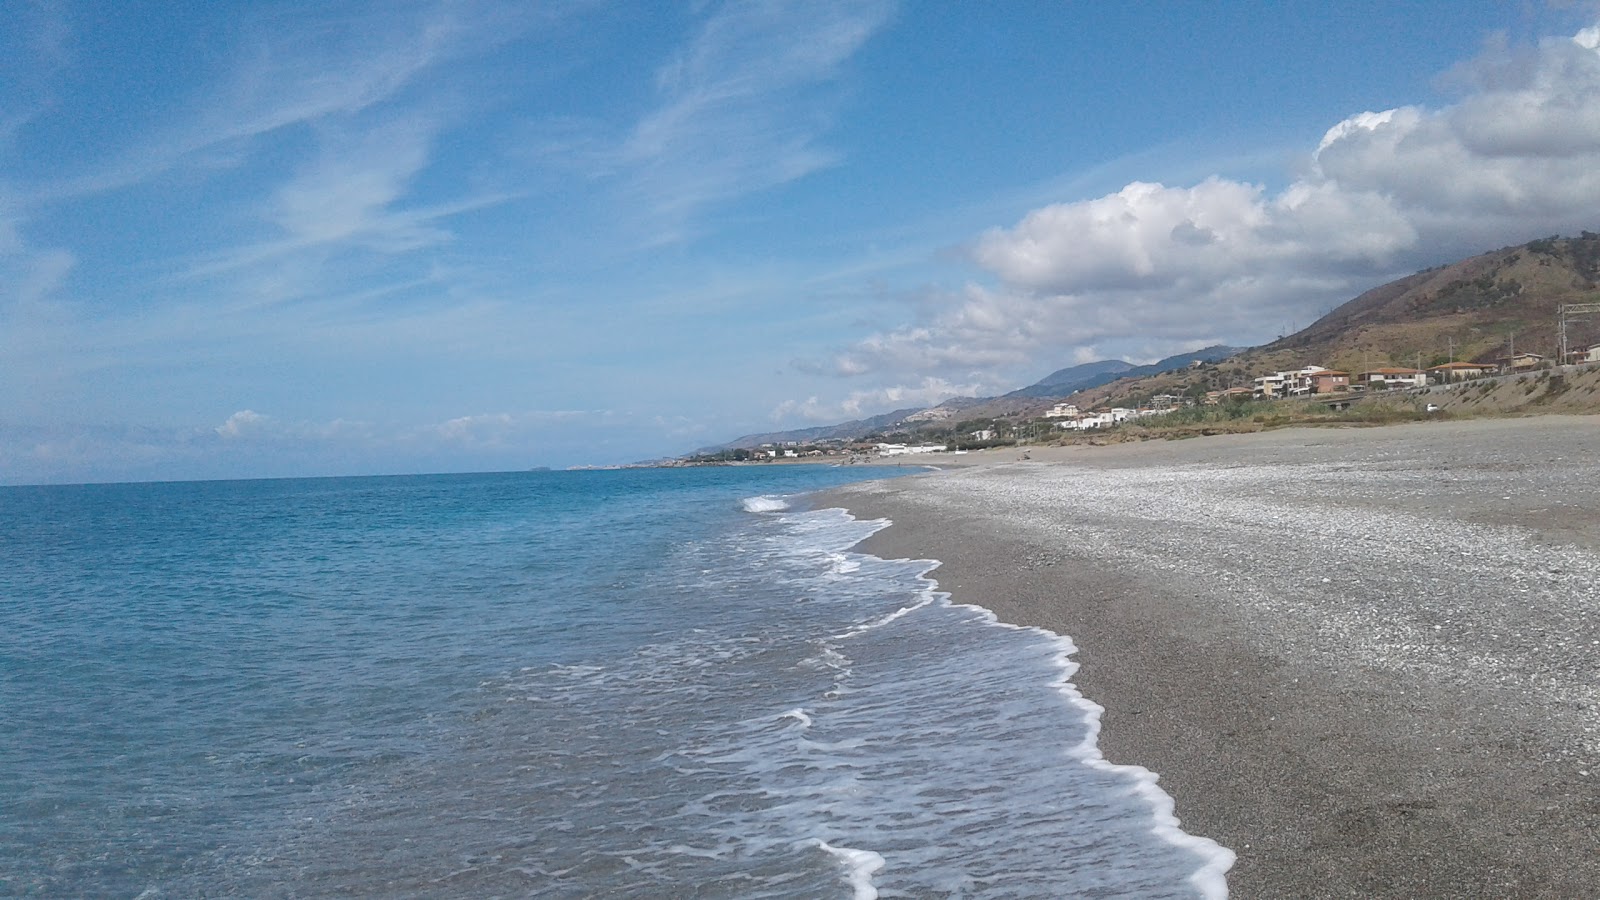 Sparvasile beach II'in fotoğrafı gri kum ve çakıl yüzey ile
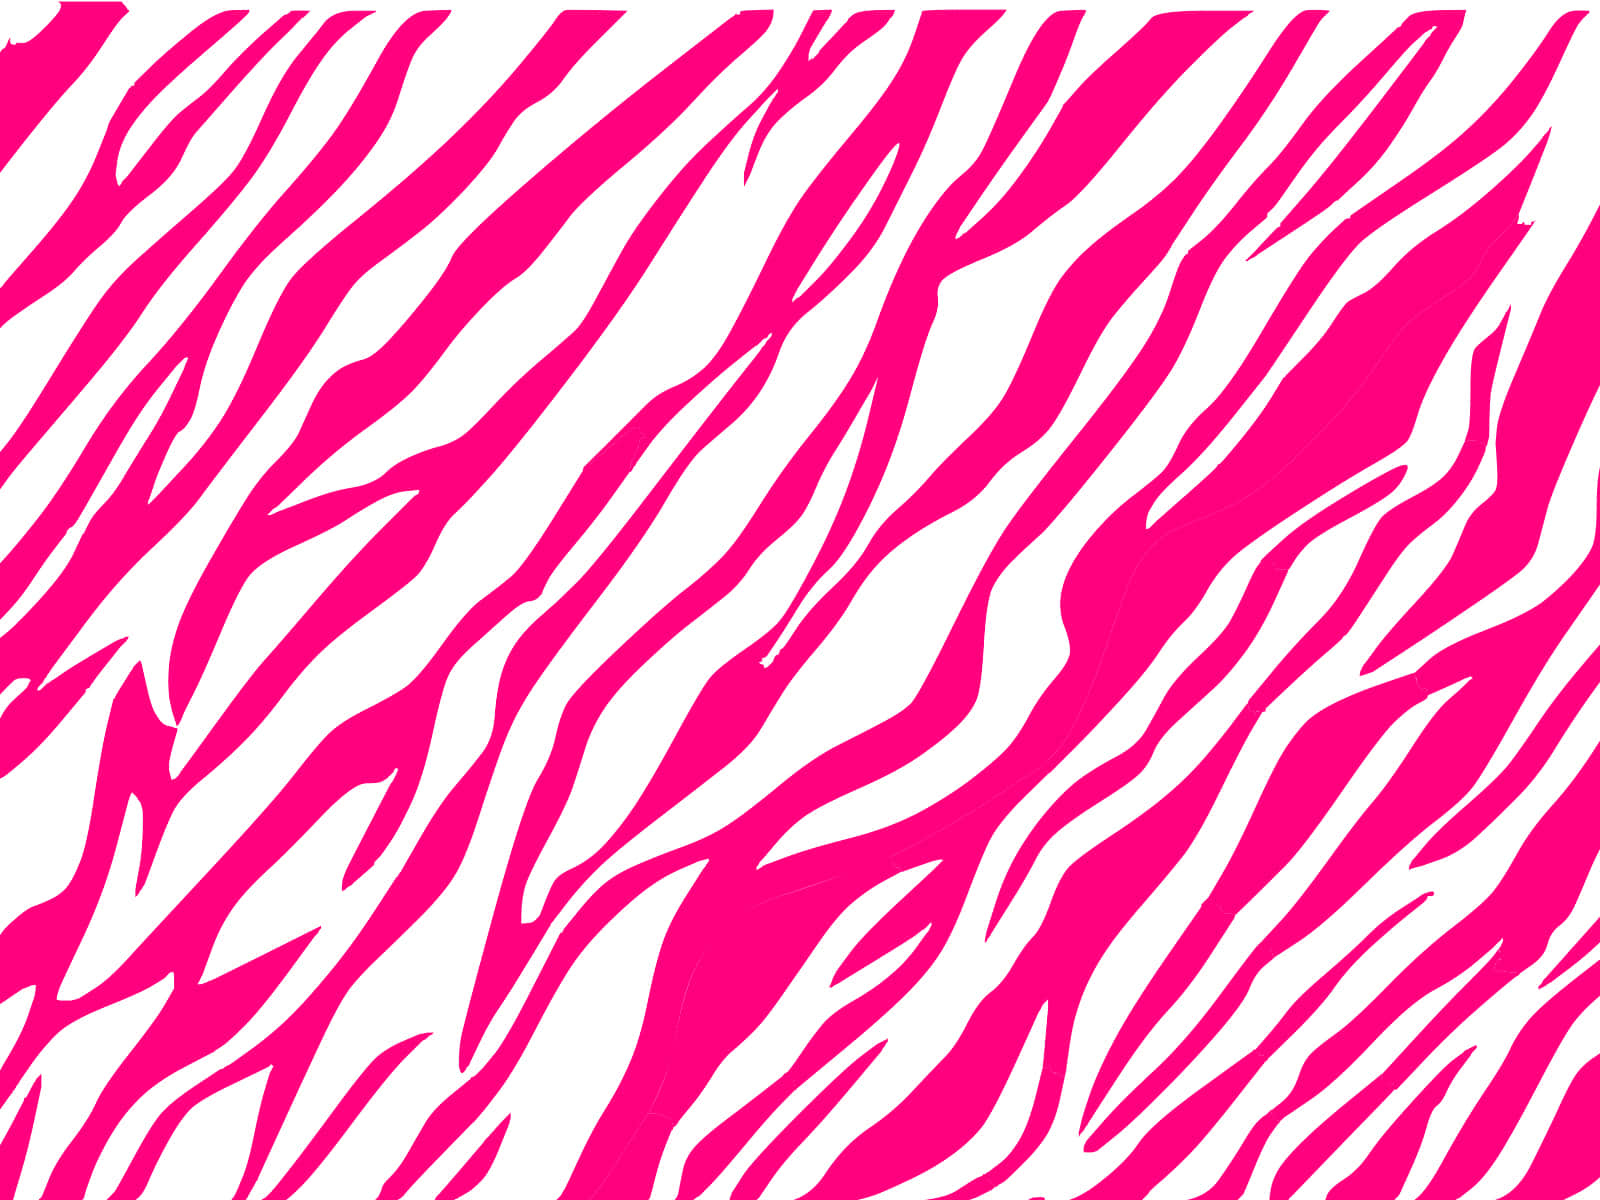 Umpadrão De Impressão De Zebra Rosa E Branco. Papel de Parede
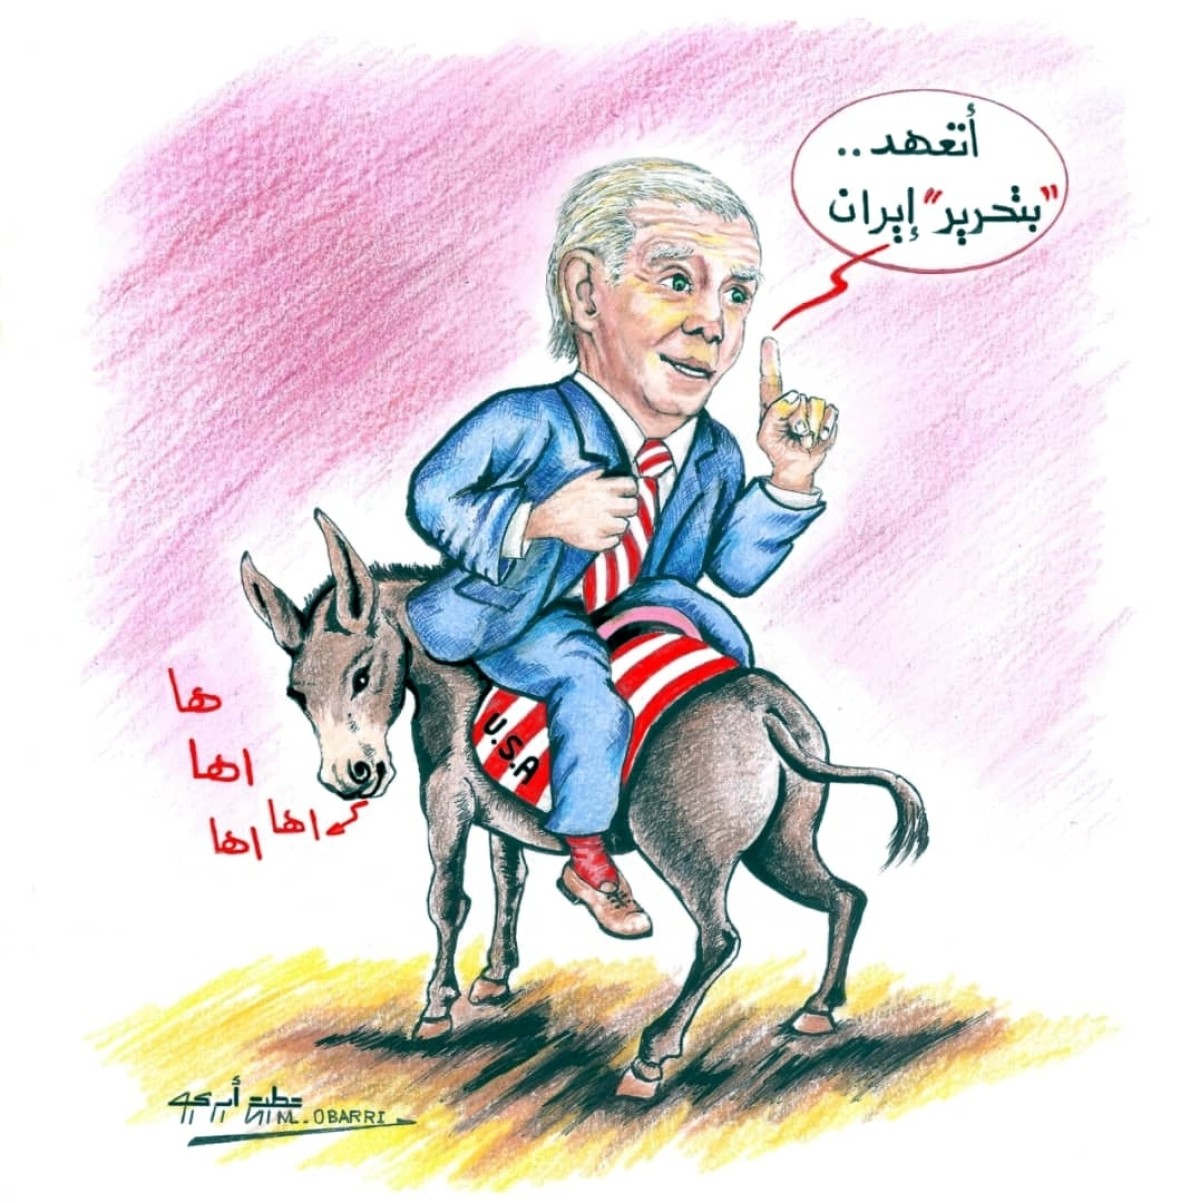 كاريكاتير / أتعهد بتحرير إيران

────────

Exercise prompt => Copy out each line of the data exactly as it reads; skip the pictures.

Written response =>
 Sparvasile beach II'in fotoğrafı gri kum ve çakıl yüzey ile
 Umpadrão De Impressão De Zebra Rosa E Branco. Papel de Parede
 كاريكاتير / أتعهد بتحرير إيران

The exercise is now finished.